• TASK
Leave out all pictures and retype exactly the lines from the one with "arena properties logo white 3" through the last line of the material.

• EXERCISE DATA
══════════

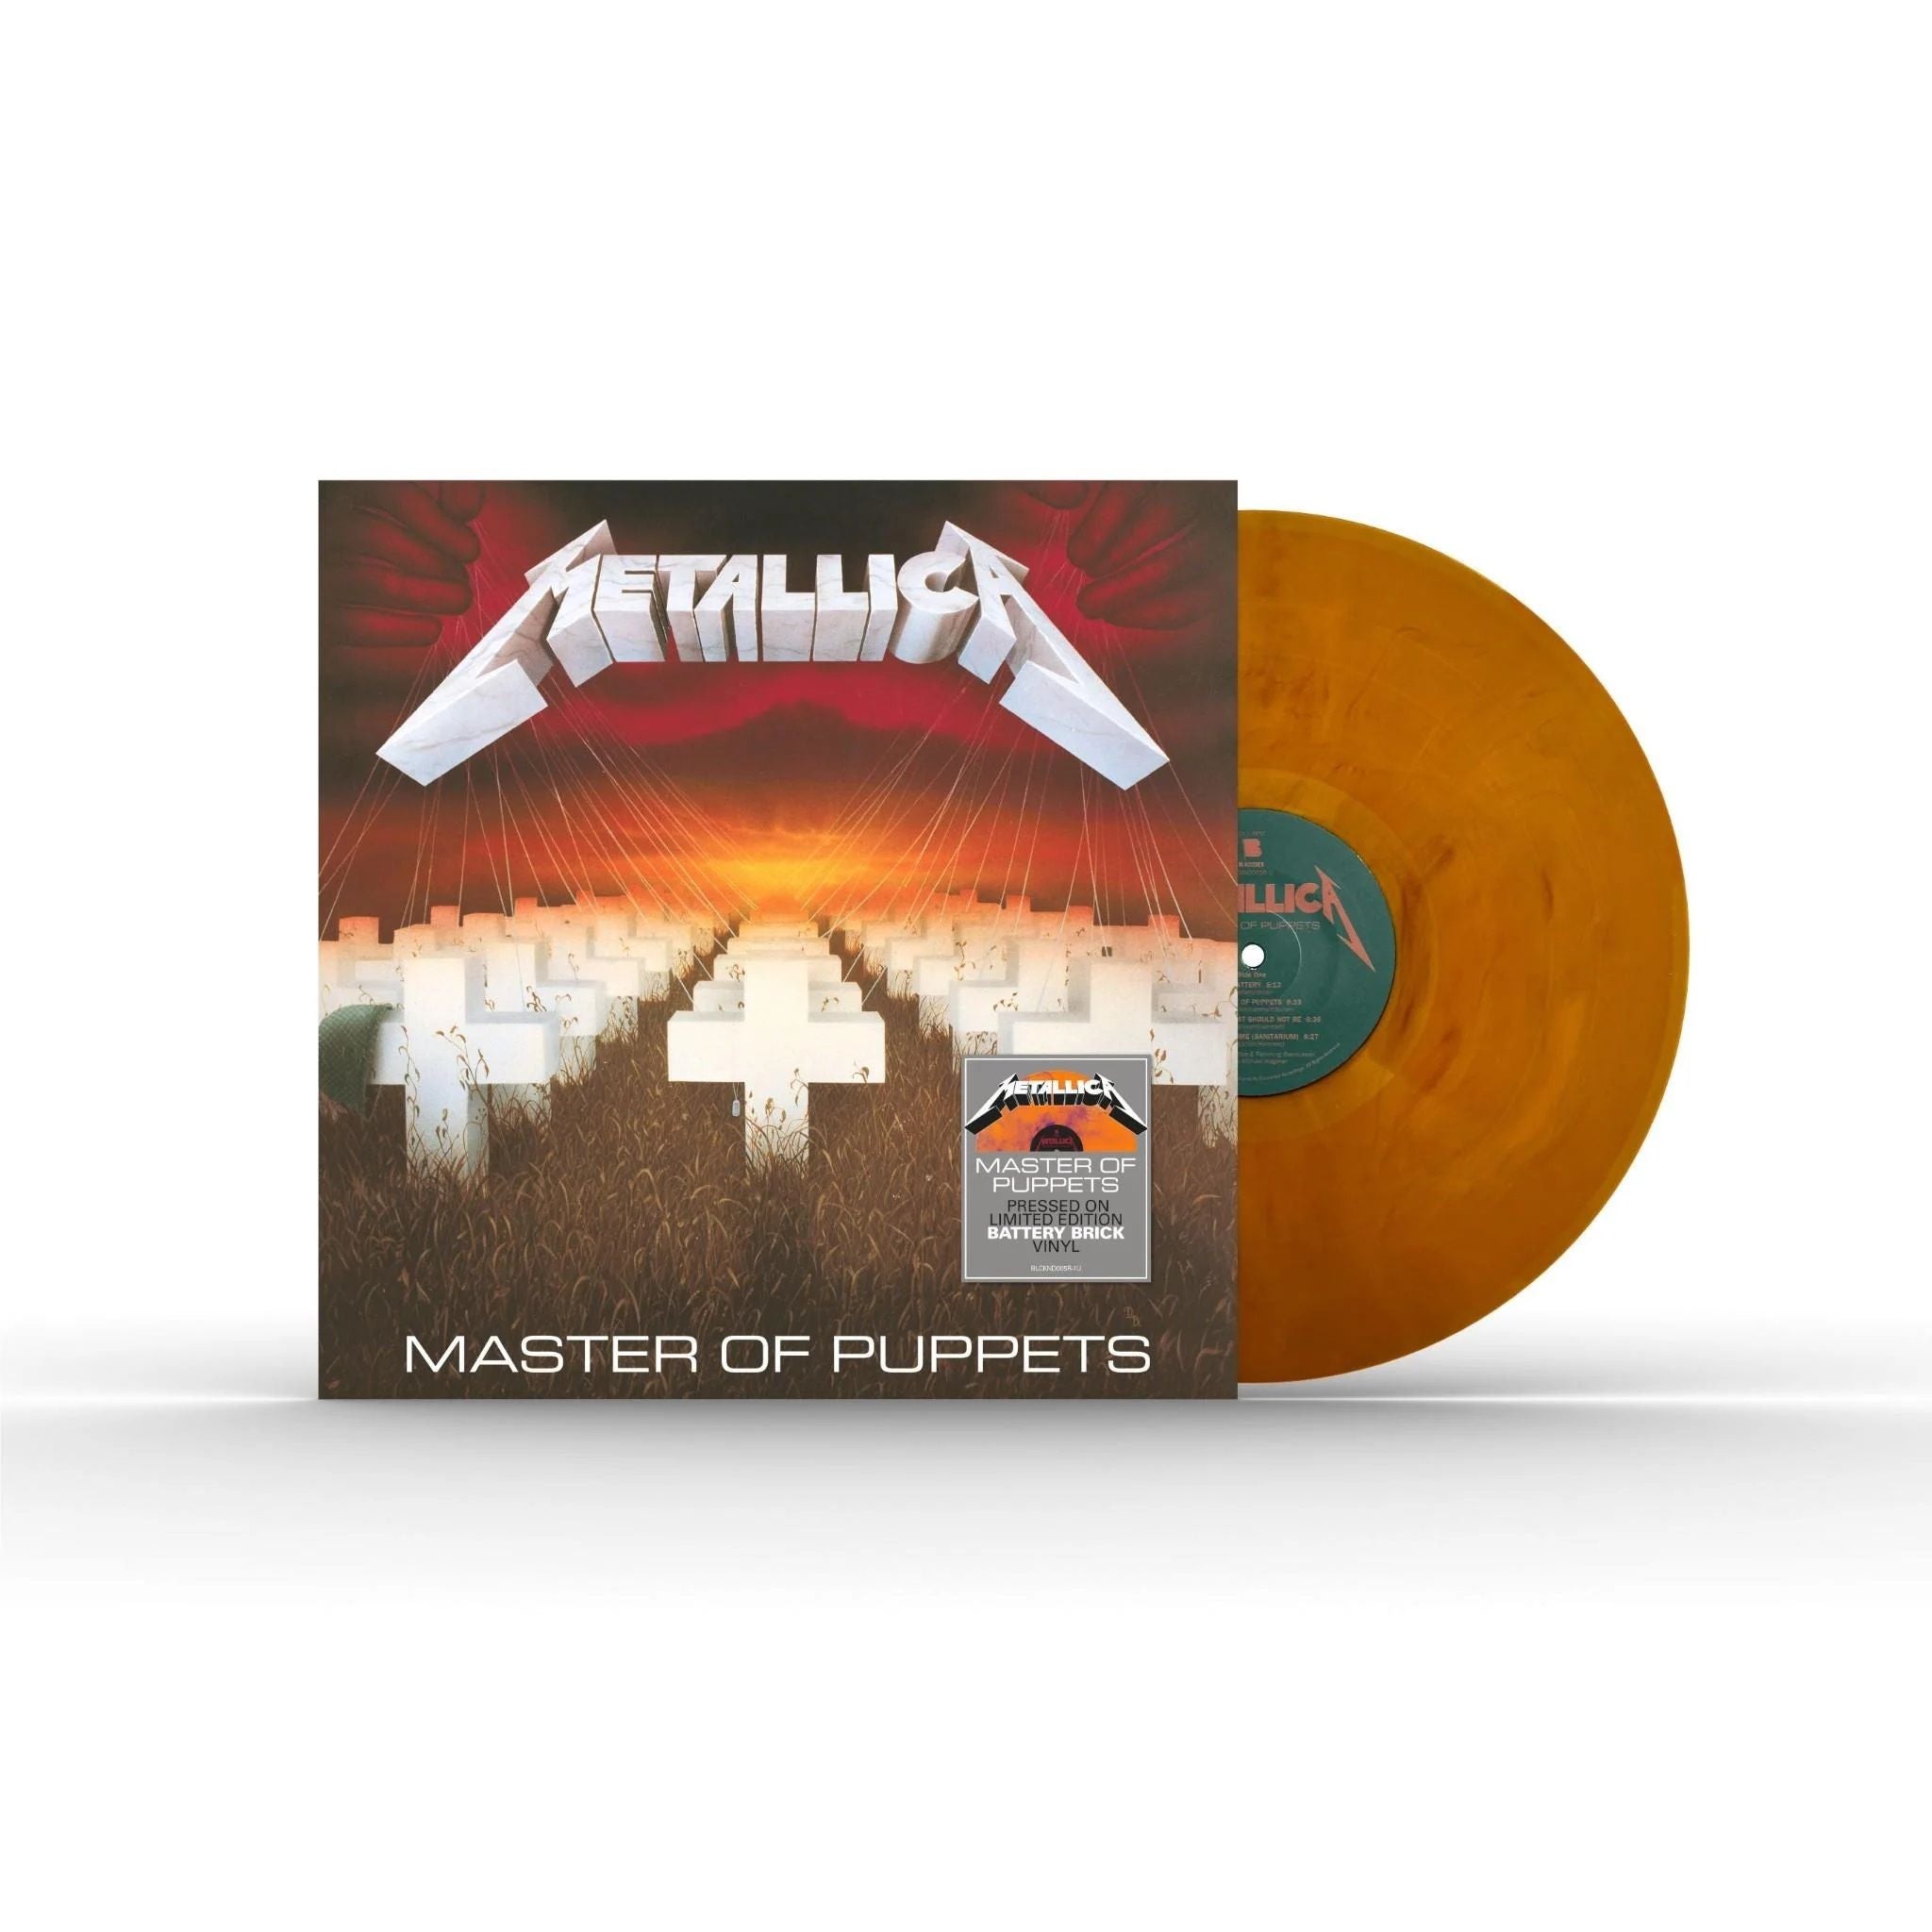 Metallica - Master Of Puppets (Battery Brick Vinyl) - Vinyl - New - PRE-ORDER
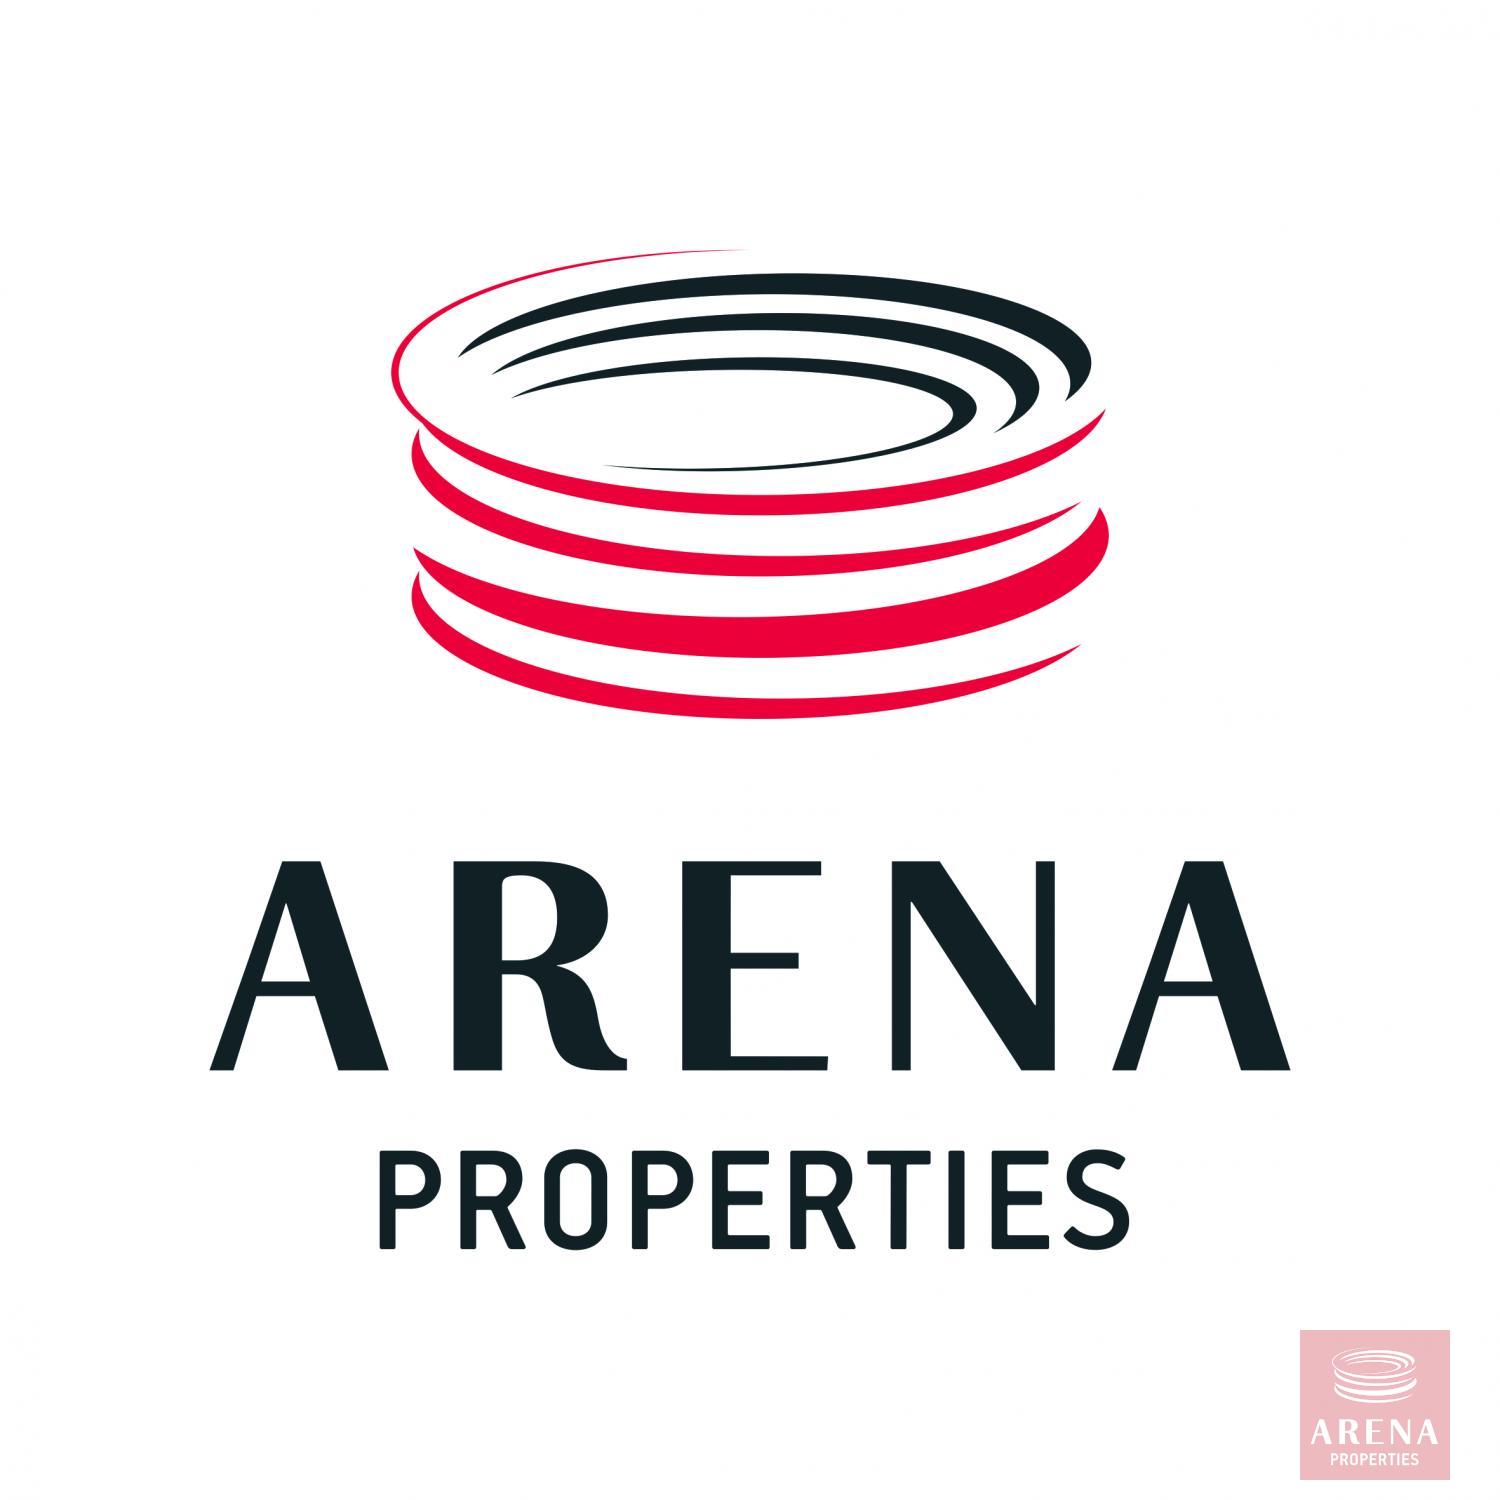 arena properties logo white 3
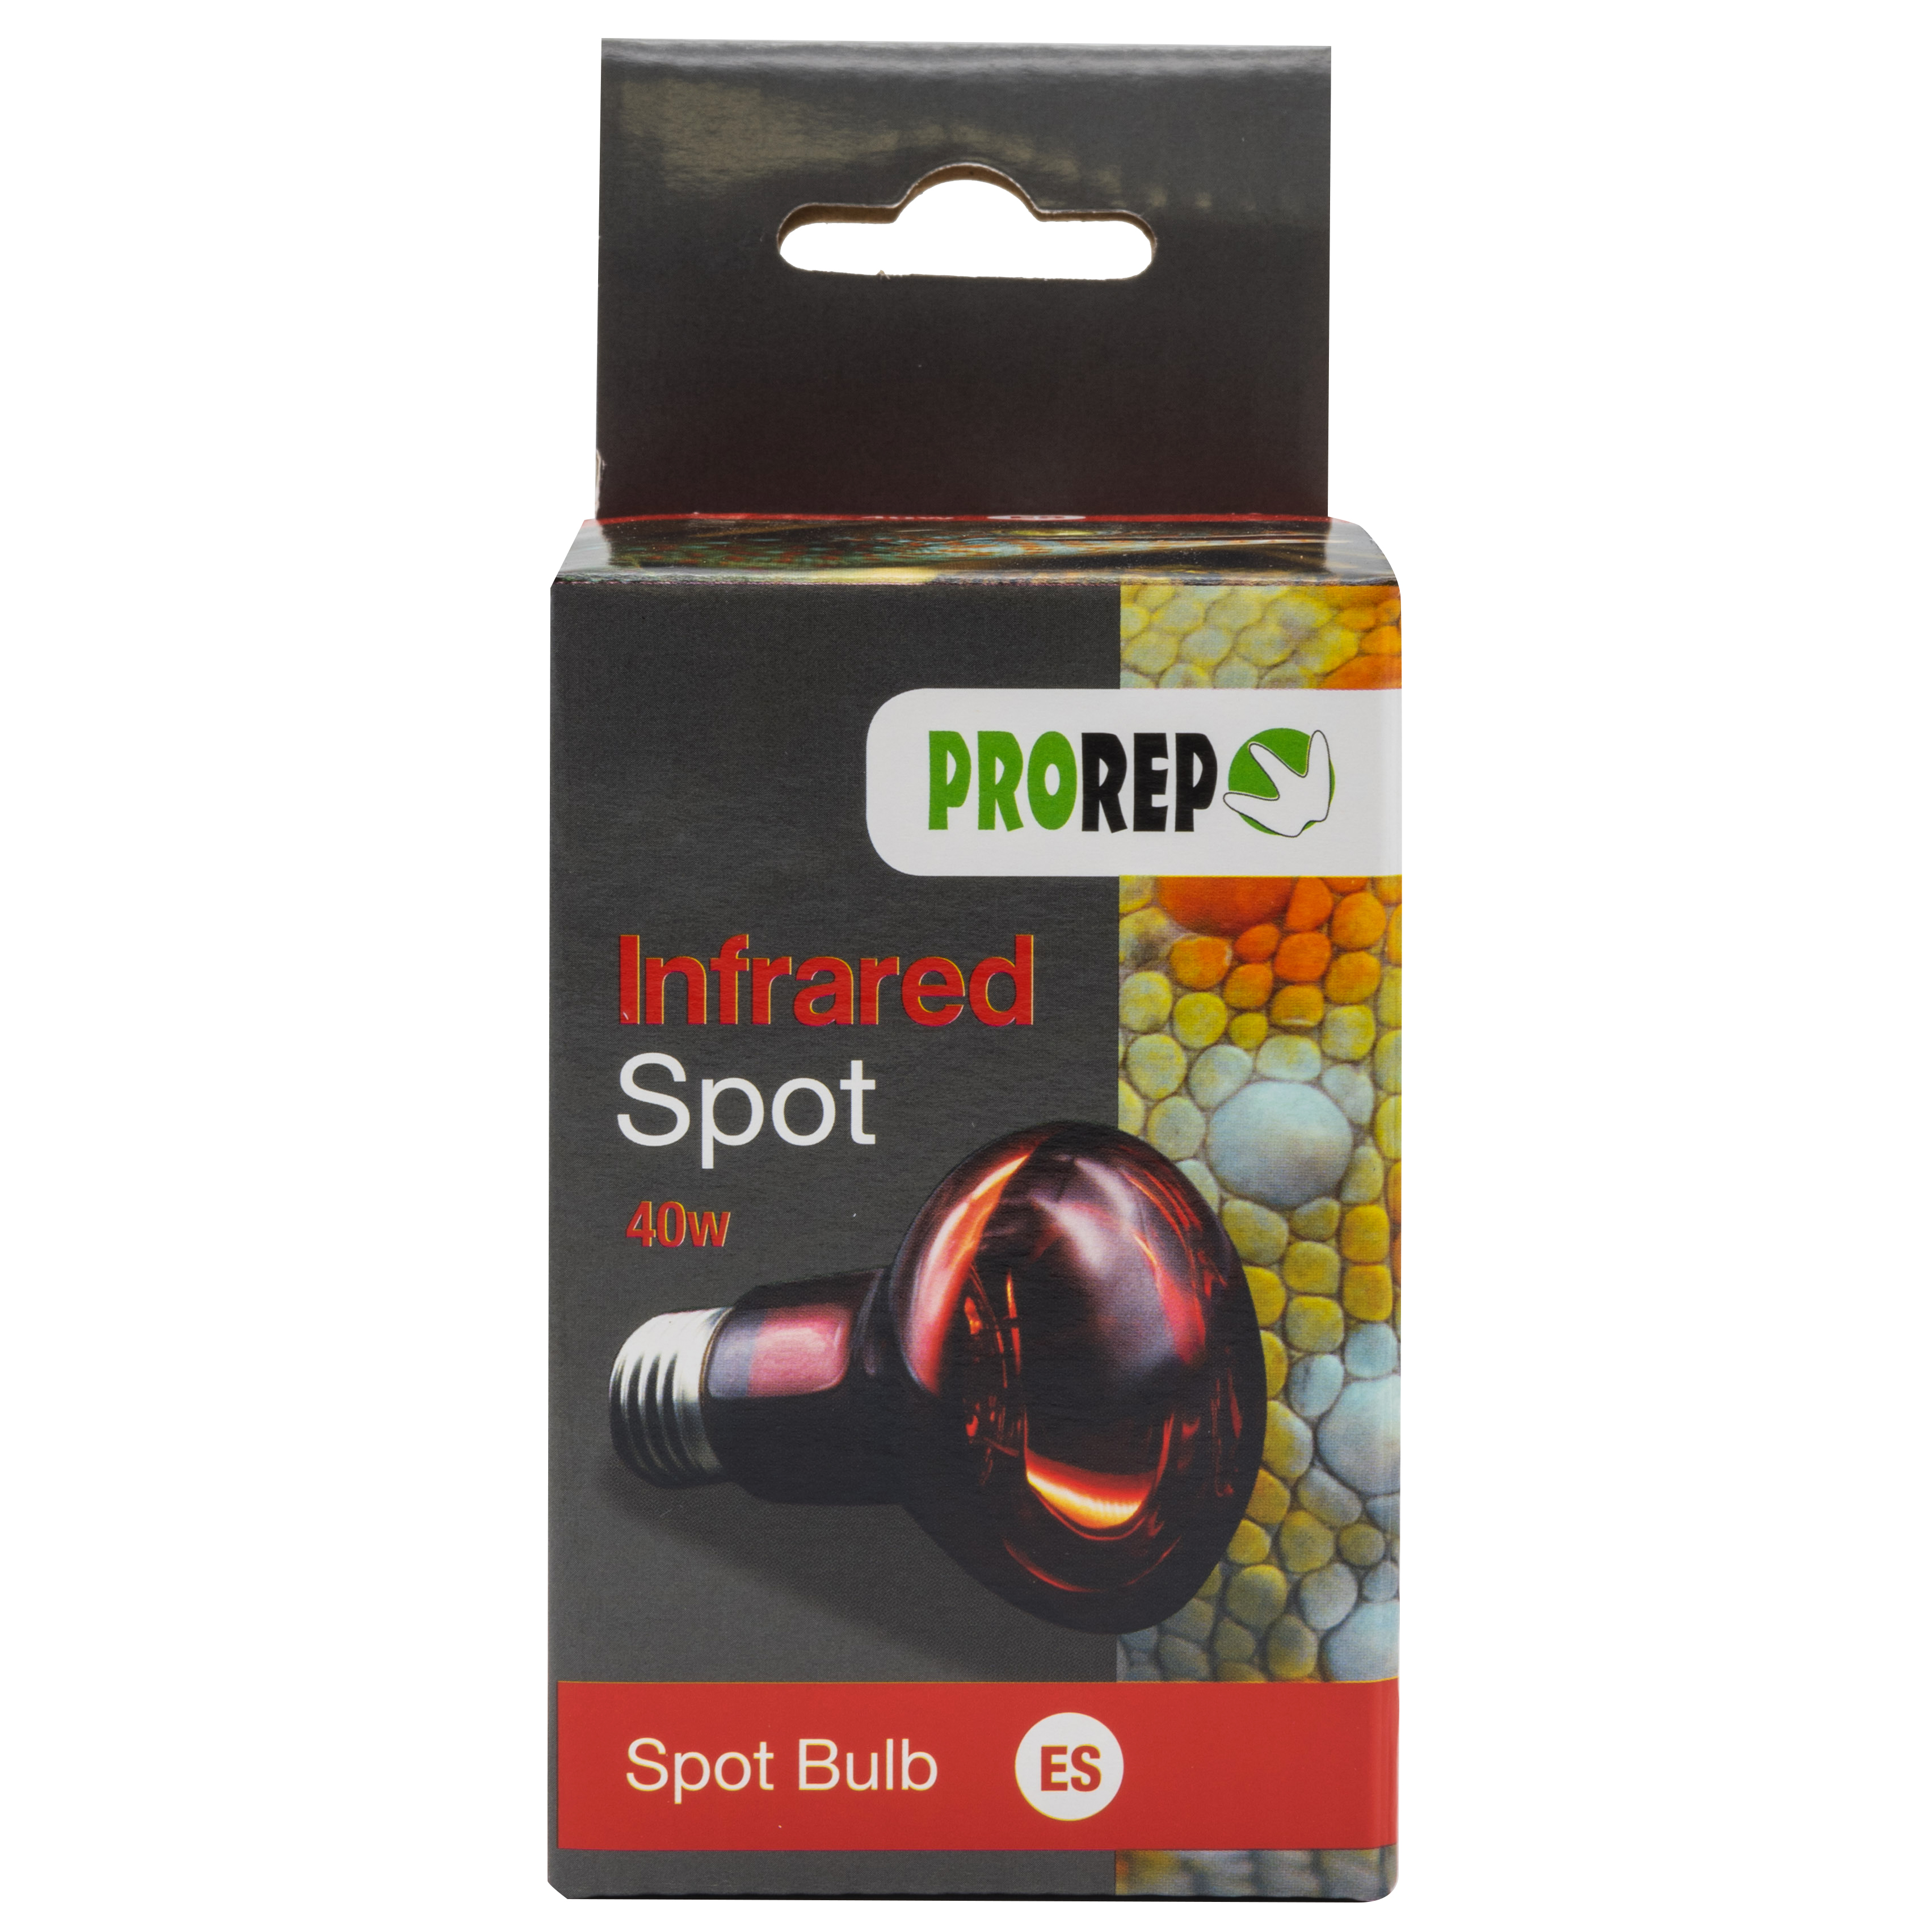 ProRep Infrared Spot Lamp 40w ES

══════════

• EXERCISE SOLUTION
 arena properties logo white 3
 ProRep Infrared Spot Lamp 40w ES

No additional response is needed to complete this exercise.